● WHAT THE TASK ASKS: Word for word, restate the lines of the data below between those holding "Class Award American" and "Tanzania: Take a ride on the wild side chita", inclusive; pictures do not belong in the copy.

● RECORDS SUPPLIED:
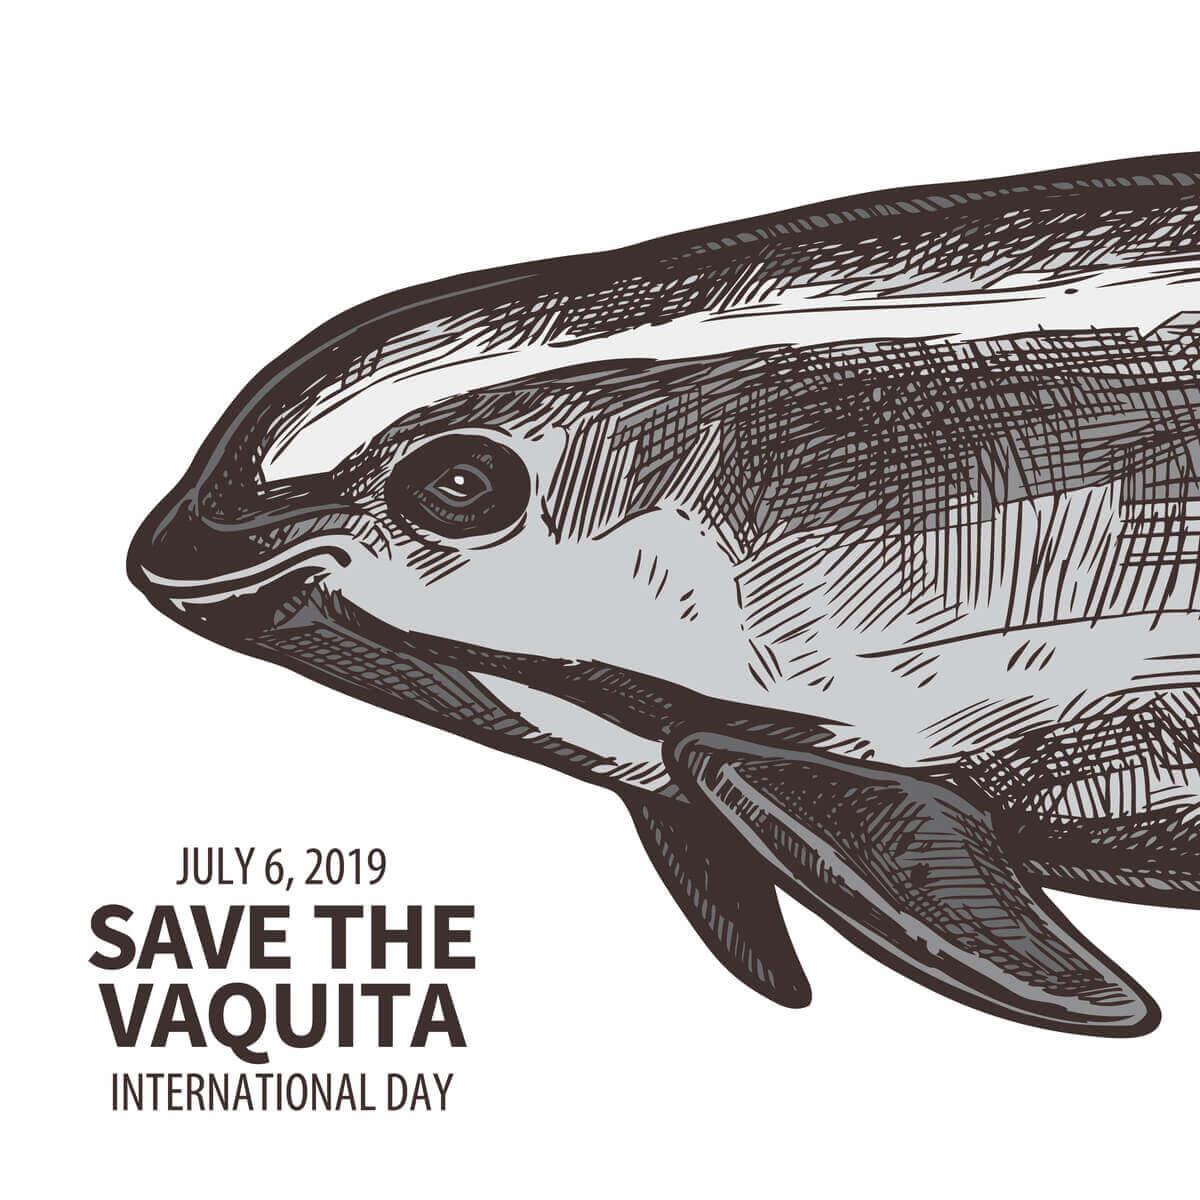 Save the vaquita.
==
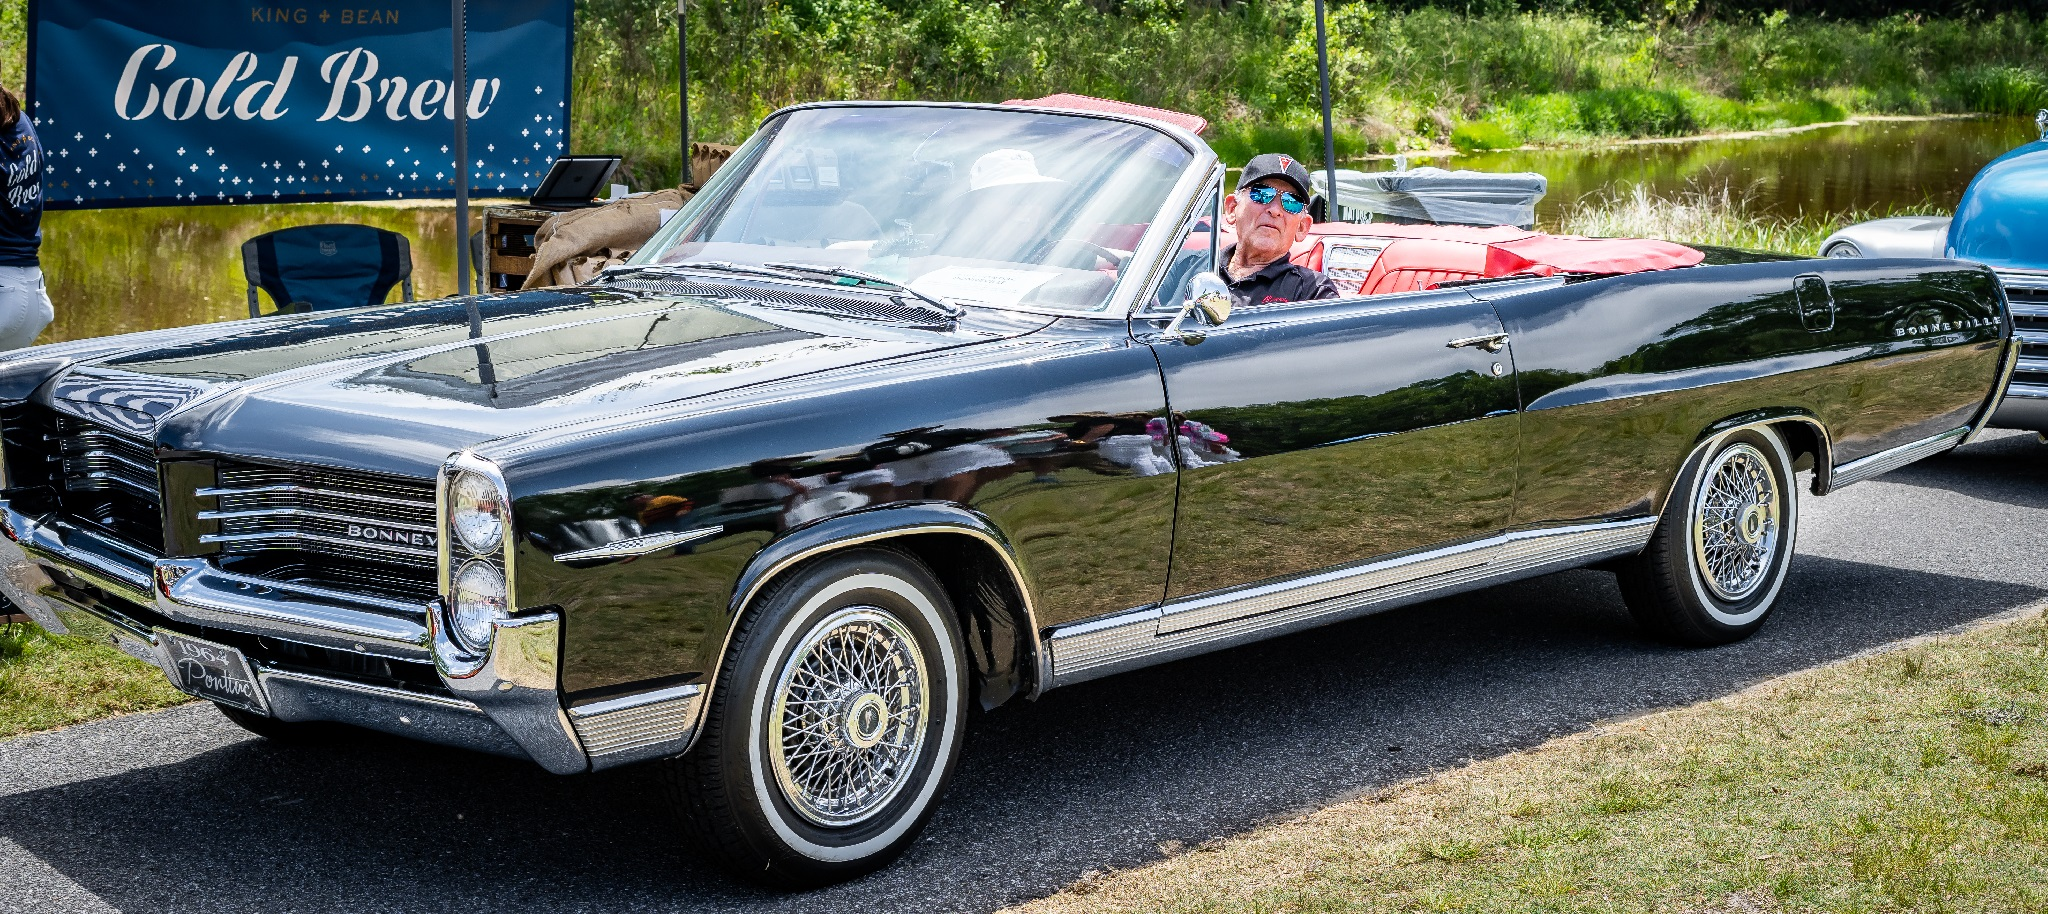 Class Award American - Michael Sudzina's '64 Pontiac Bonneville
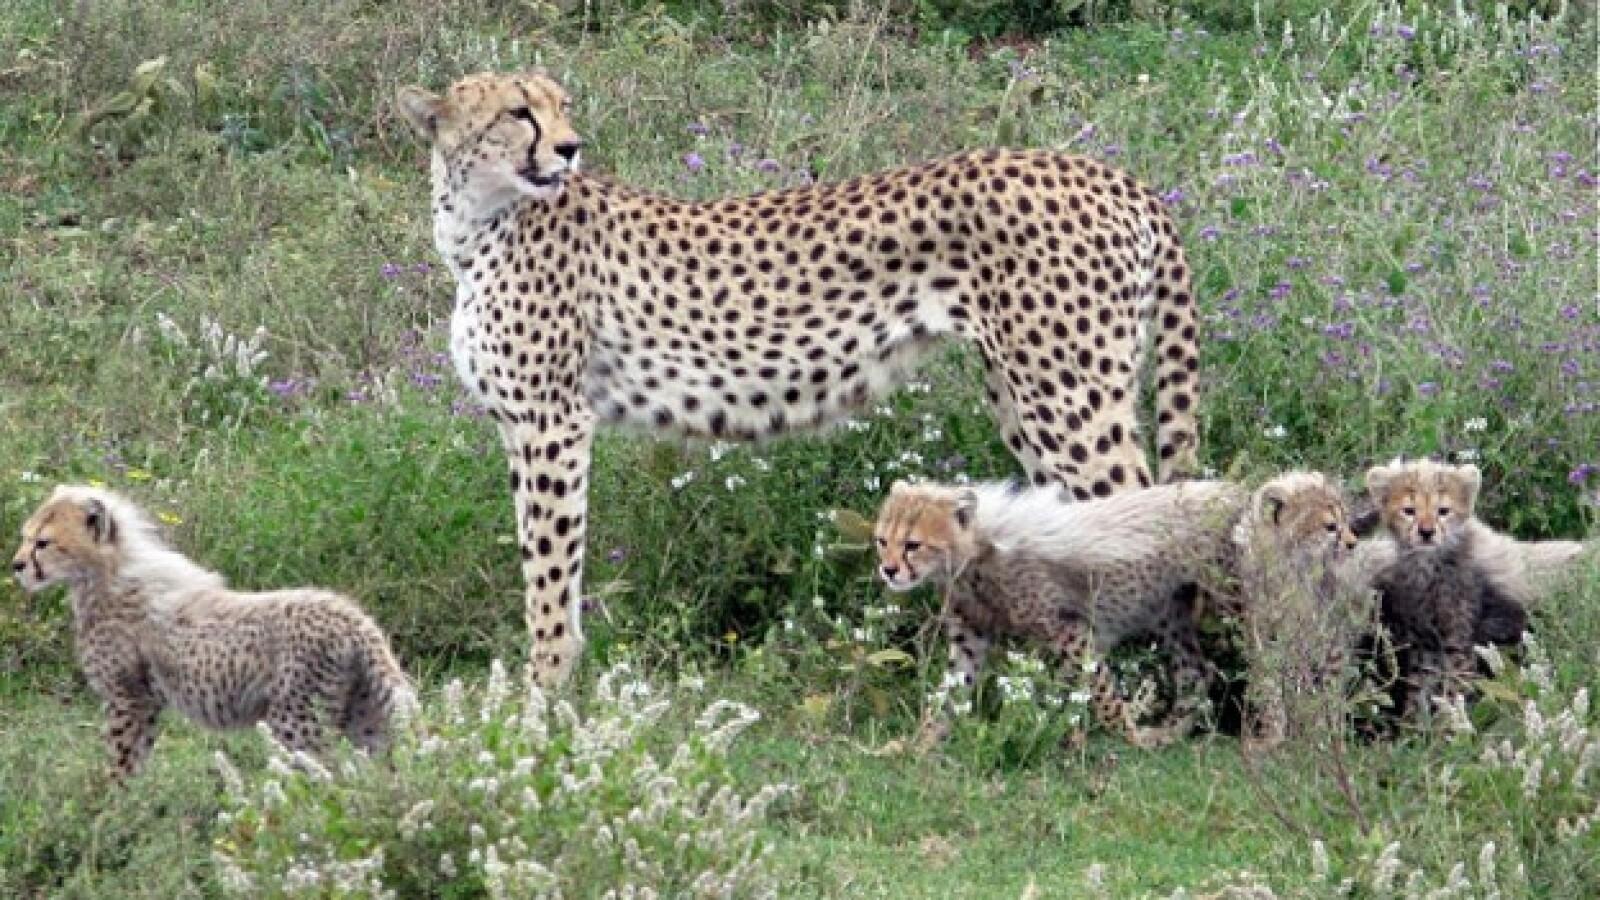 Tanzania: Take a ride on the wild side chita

● EXPECTED OUTPUT:
 Class Award American - Michael Sudzina's '64 Pontiac Bonneville
 Tanzania: Take a ride on the wild side chita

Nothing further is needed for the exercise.